23. What are Recording Rules in Prometheus?

Answer:
Recording Rules allow precomputing and storing frequently used queries as new time-series metrics. This improves query performance.

Example:

groups:
  - name: response_time_rules
    rules:
      - record: instance:response_time:avg
        expr: avg(rate(http_request_duration_seconds[5m]))

This stores the average request duration as instance:response_time:avg, making future queries faster.


24. What is Thanos, and how does it complement Prometheus?

Answer:
Thanos extends Prometheus for scalability, long-term storage, and high availability. It:

  • Provides deduplication across multiple Prometheus instances.
  • Enables object storage support (e.g., S3, GCS).
  • Allows querying across multiple Prometheus servers via a single query layer.

Thanos is useful in multi-cluster environments where Prometheus instances are spread across multiple regions or clouds.


25. How do you handle Prometheus high availability (HA)?

Answer:
Prometheus is a single-node system by design, but HA can be achieved by:

  • Running multiple Prometheus replicas (scraping the same targets).
  • Using Thanos or Cortex for deduplication and query federation.
  • Storing time-series data externally (e.g., in S3, Bigtable).

Grafana Questions

26. How do you enable authentication in Grafana?

Answer:
Grafana supports multiple authentication methods:

  • Basic authentication (default).
  • OAuth providers (Google, GitHub, Azure AD, etc.).
  • LDAP authentication for enterprise use.

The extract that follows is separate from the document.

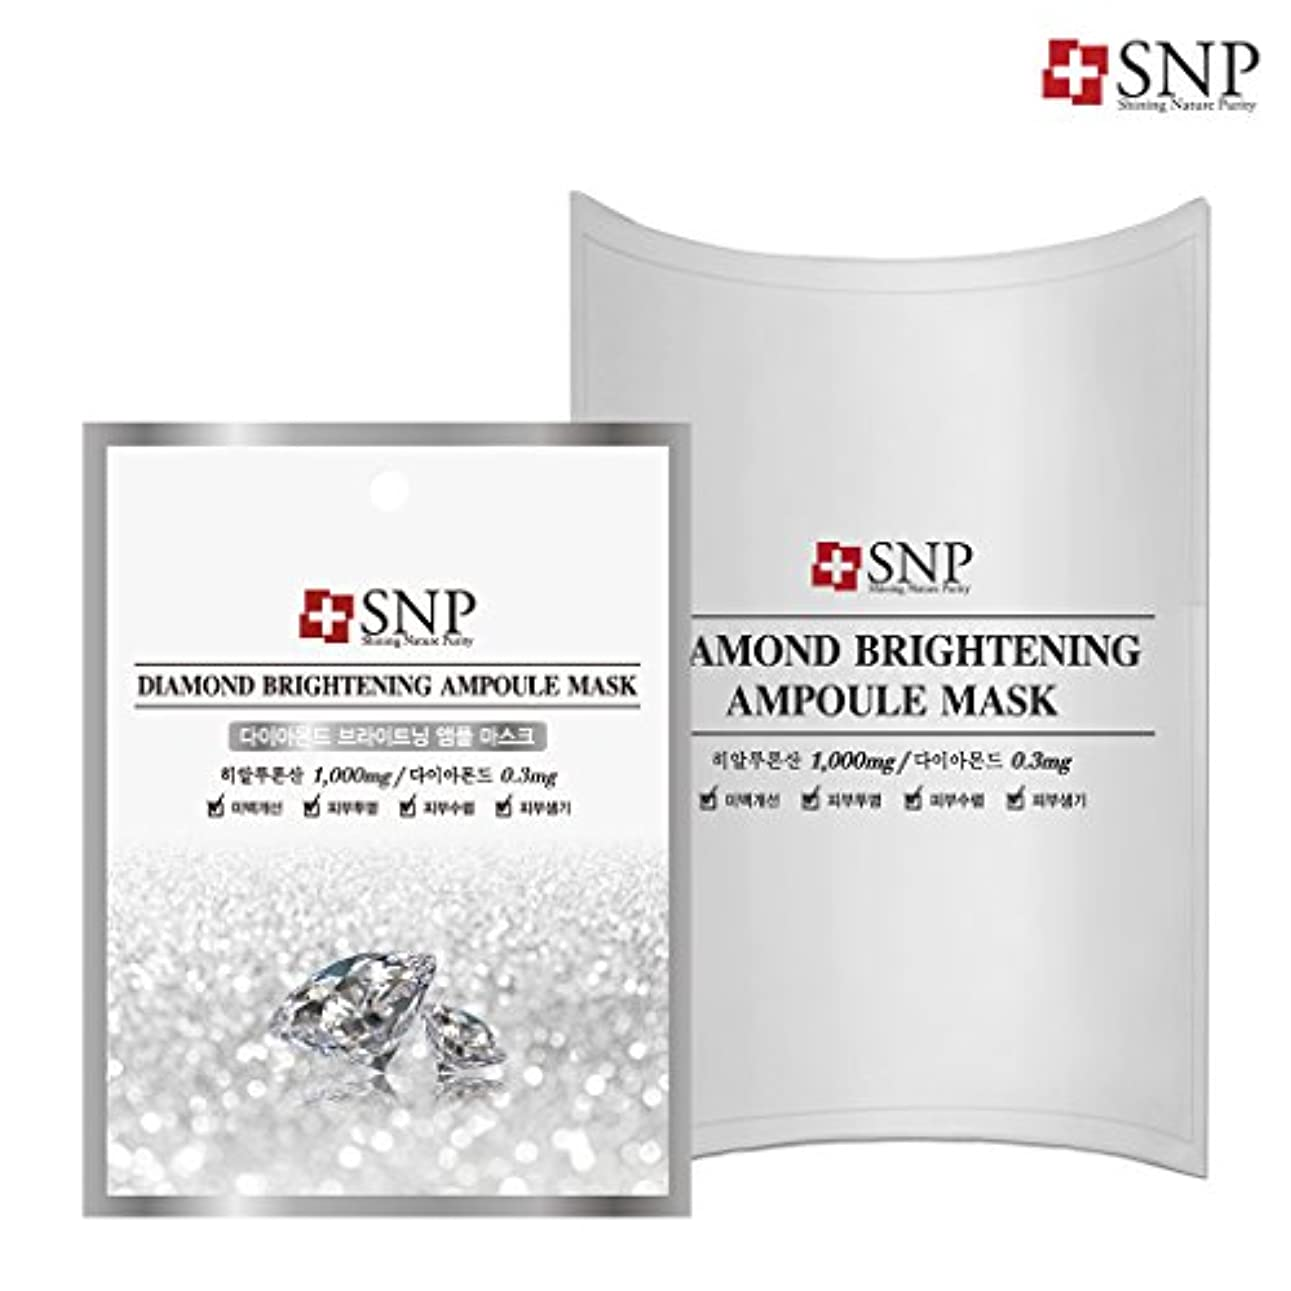 パシフィック召喚する期待SNP ダイアモンド ブライトニング アンプル マスク (10枚) 10枚/DIAMOND BRIGHTENING AMPOULE MASK 10EA[海外直送品]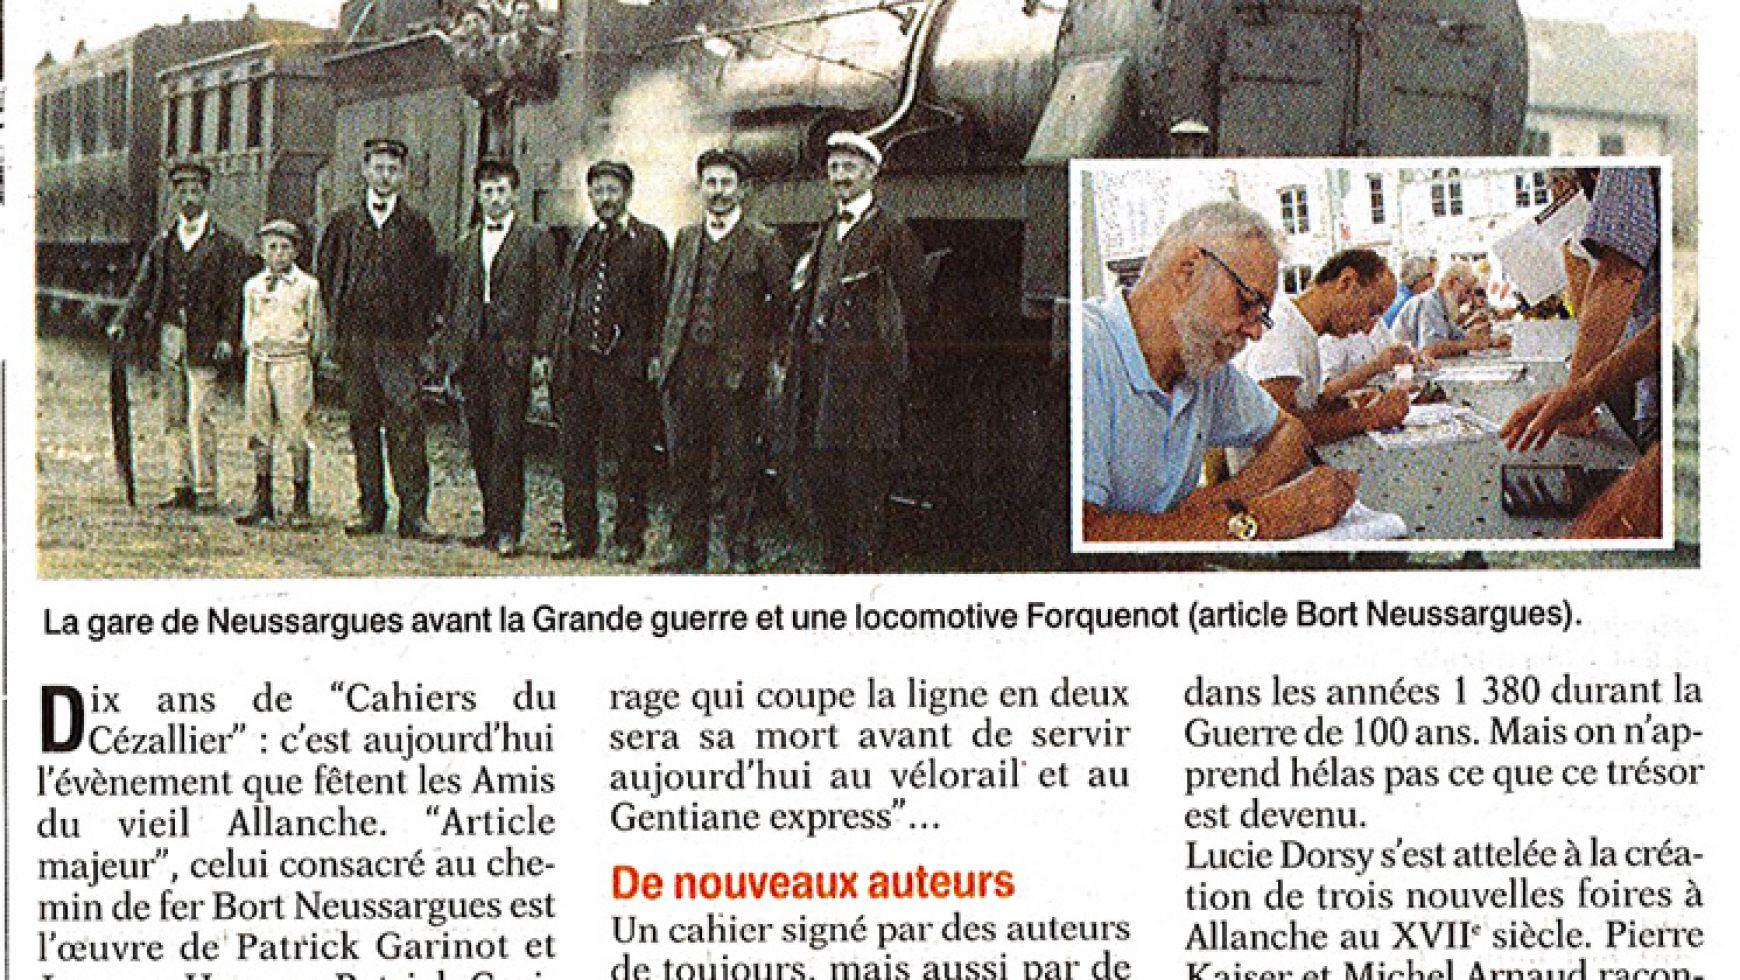 Dix ans de publication pour les Amis du Vieil Allanche – L'Union du Cantal – 09-12 Aout 2017

To enable OAuth authentication, modify grafana.ini:

[auth.github]
enabled = true
client_id = YOUR_CLIENT_ID
client_secret = YOUR_CLIENT_SECRET

27. What are Templating Variables in Grafana?

Answer:
Templating allows users to create dynamic dashboards by using variables. Instead of hardcoding values, users can select values from dropdown menus.

Example:

rate(http_requests_total{job="$service"}[5m])

Here, $service is a variable that can be selected from a dropdown list in Grafana.


28. How do you set up Grafana provisioning?

Answer:
Grafana supports automated provisioning of dashboards and data sources using YAML configuration files.

Example datasource.yaml:

apiVersion: 1
datasources:
  - name: Prometheus
    type: prometheus
    url: http://prometheus:9090
    access: proxy

29. What are Grafana Loki and Promtail?

Answer:

  • Loki is Grafana's log aggregation system, similar to Elasticsearch but optimized for Kubernetes and microservices.
  • Promtail is the log collection agent for pushing logs to Loki.

Promtail collects logs from /var/log and forwards them to Loki.


30. How can you monitor Kubernetes with Grafana?

Answer:
Use kube-prometheus-stack, which includes:

  • Prometheus Operator (for Kubernetes metrics).
  • Grafana dashboards for cluster monitoring.
  • Node Exporter and Kube-State-Metrics for detailed node/pod-level metrics.

ELK Stack Questions (Elasticsearch, Logstash, Kibana)

31. What is an Elasticsearch Shard, and why is it important?

Answer:
An Elasticsearch shard is a subdivision of an index. Each index is split into shards to allow parallel processing and redundancy.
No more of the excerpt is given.